- What you are asked to do: What you return should be the lines from the one with "Jetsetter Guides building" through the one with "Resume Objective For Sales Role" in the data below, reproduced exactly with both ends, and no pictures at all.

- Supplied data:
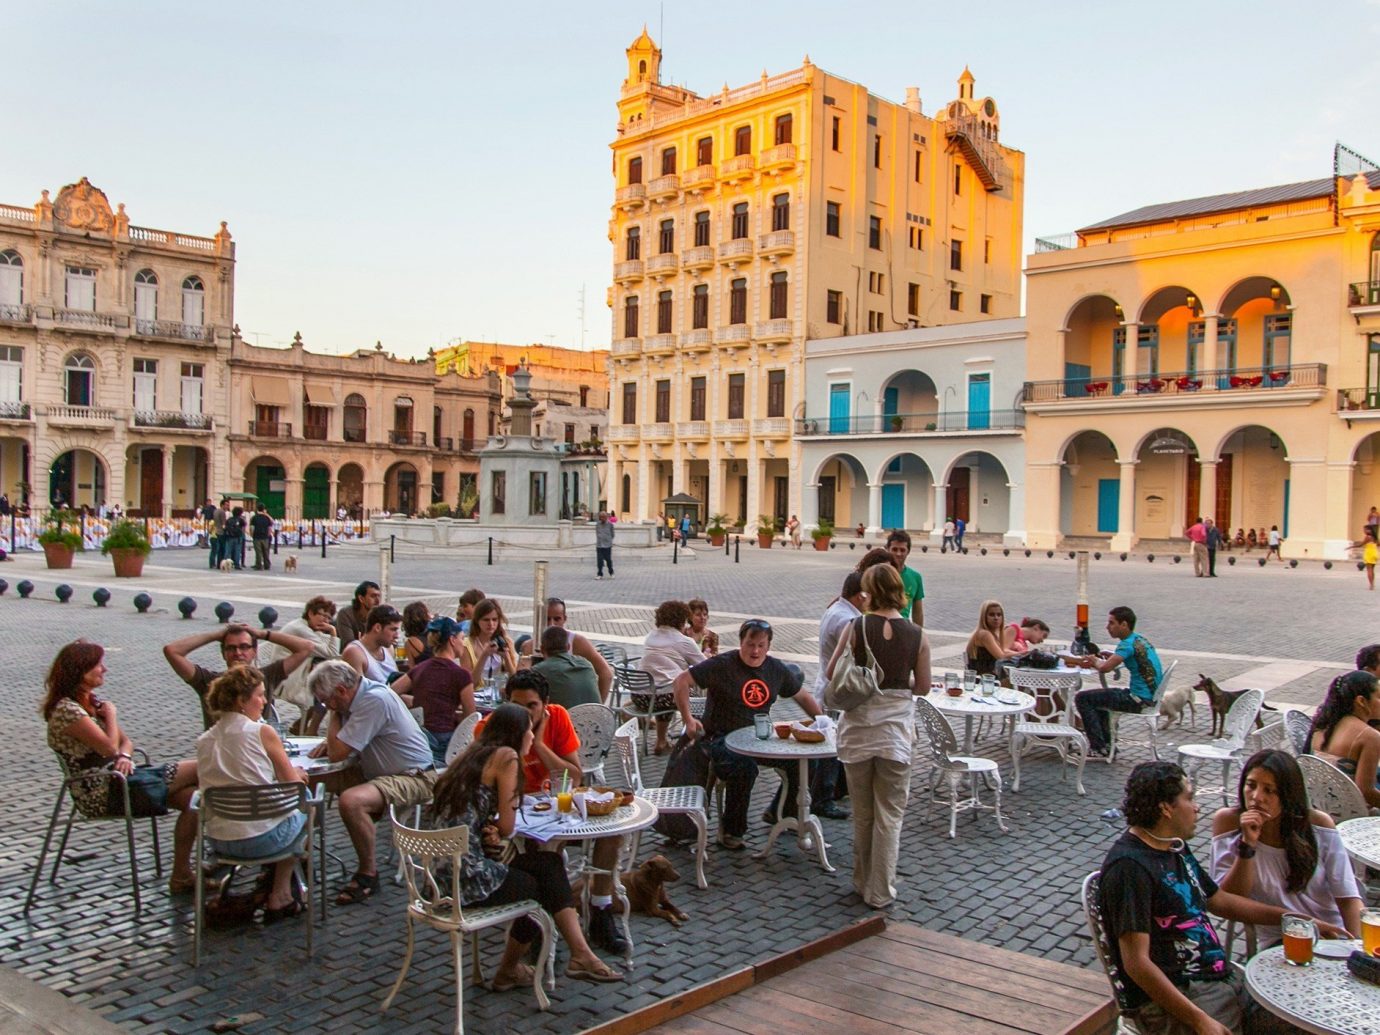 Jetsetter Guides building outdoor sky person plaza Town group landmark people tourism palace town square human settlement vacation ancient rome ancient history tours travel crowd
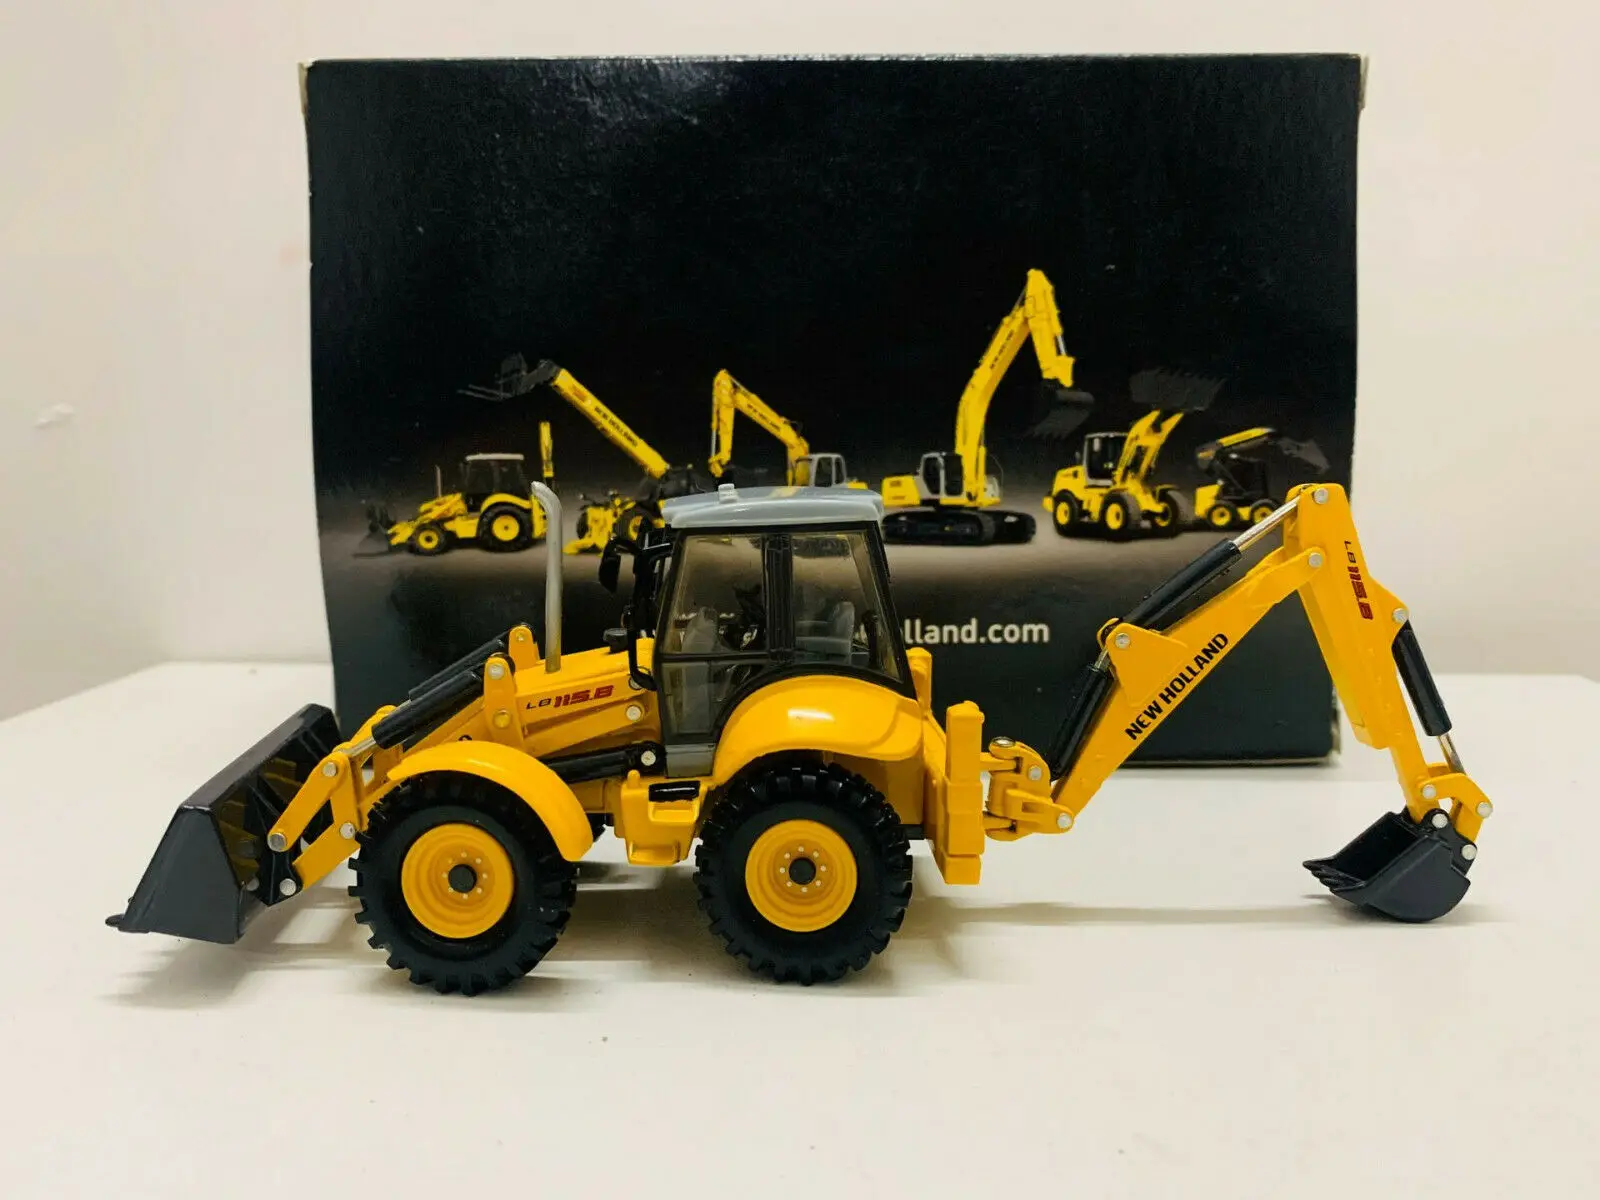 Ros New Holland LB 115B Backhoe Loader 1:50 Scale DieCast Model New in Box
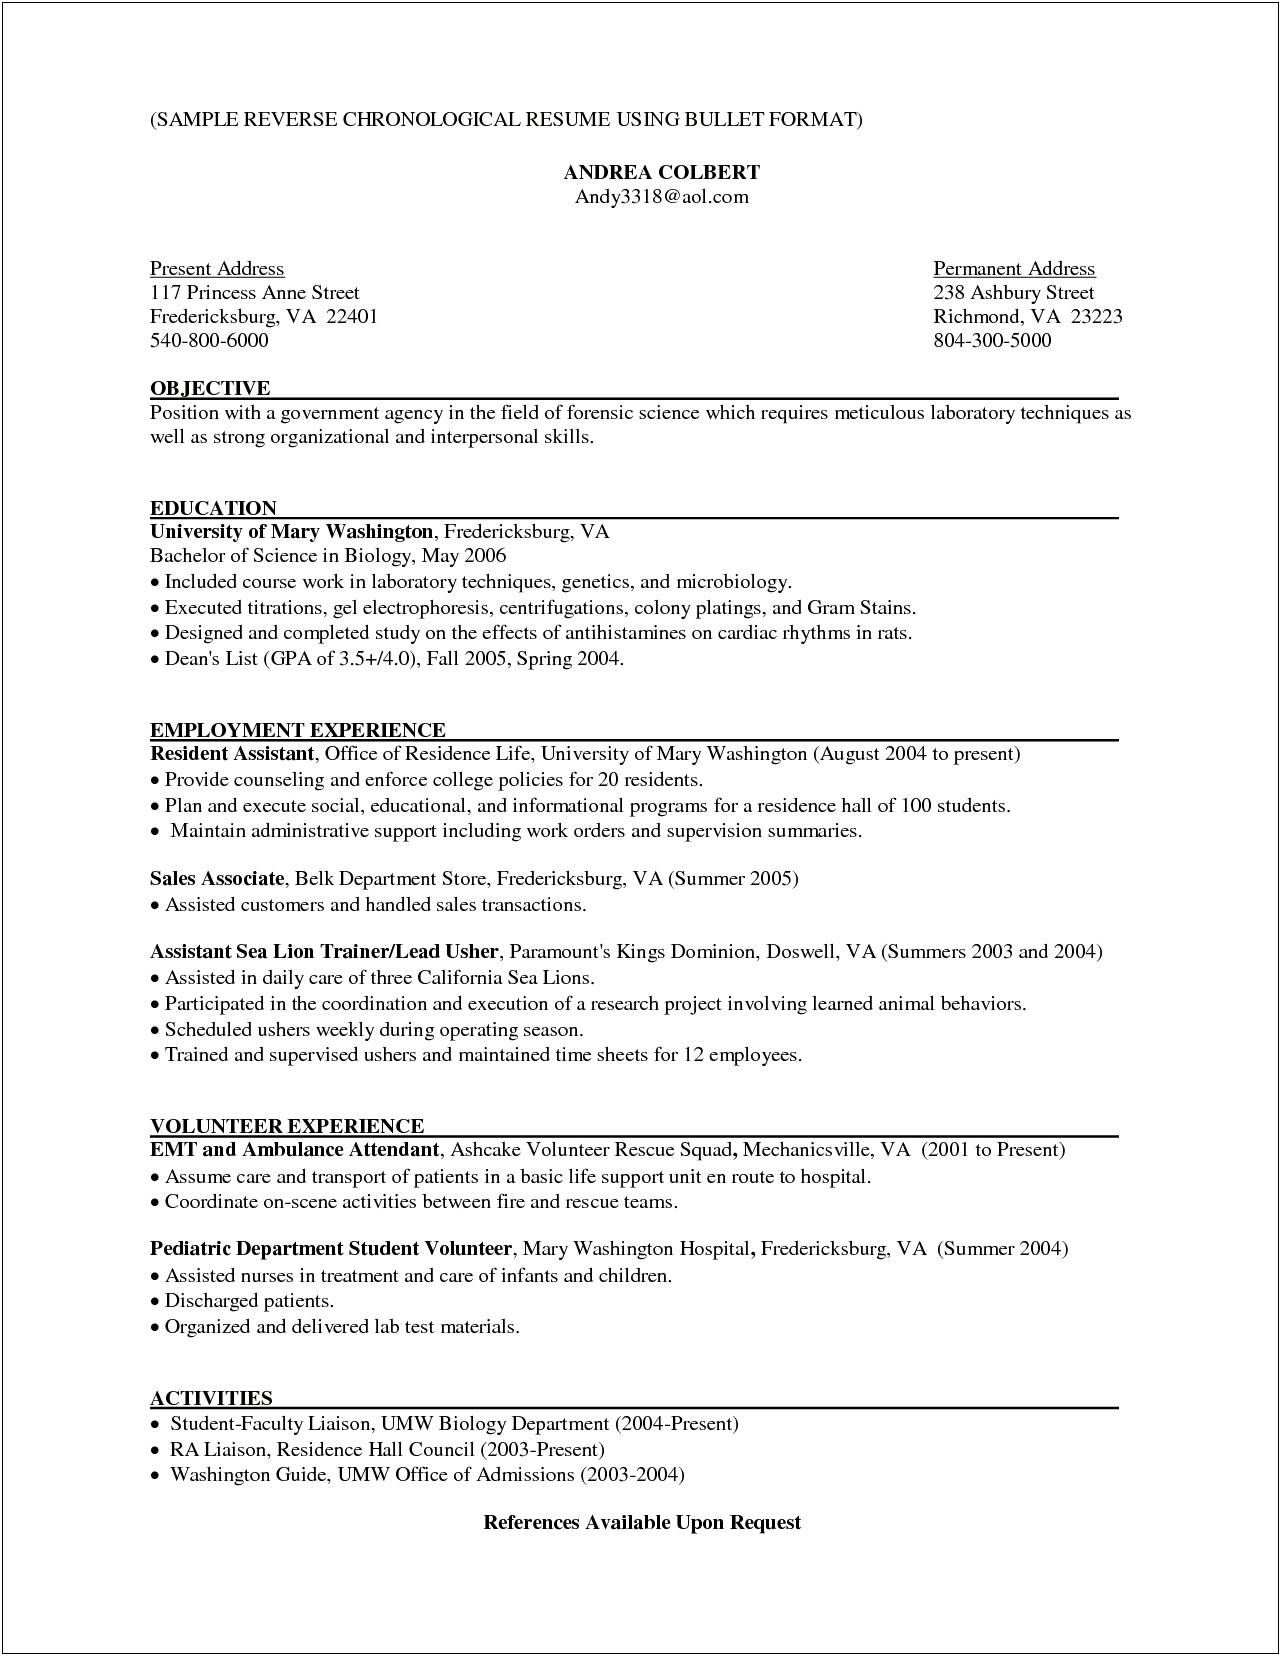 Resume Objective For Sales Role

==

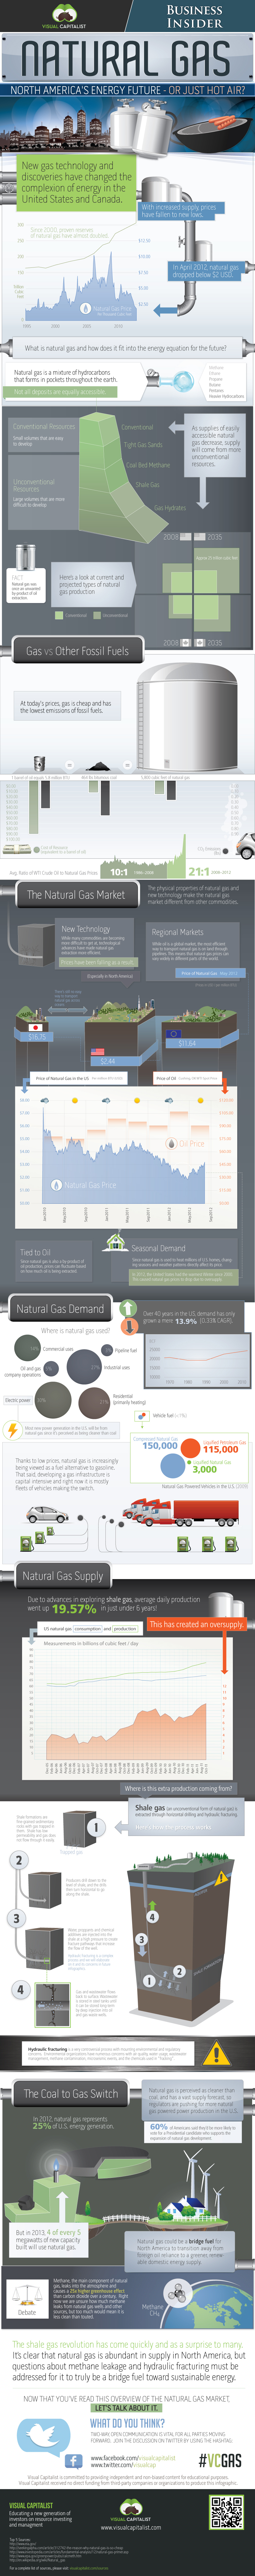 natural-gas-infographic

- Finished task:
 Jetsetter Guides building outdoor sky person plaza Town group landmark people tourism palace town square human settlement vacation ancient rome ancient history tours travel crowd
 Ros New Holland LB 115B Backhoe Loader 1:50 Scale DieCast Model New in Box
 Resume Objective For Sales Role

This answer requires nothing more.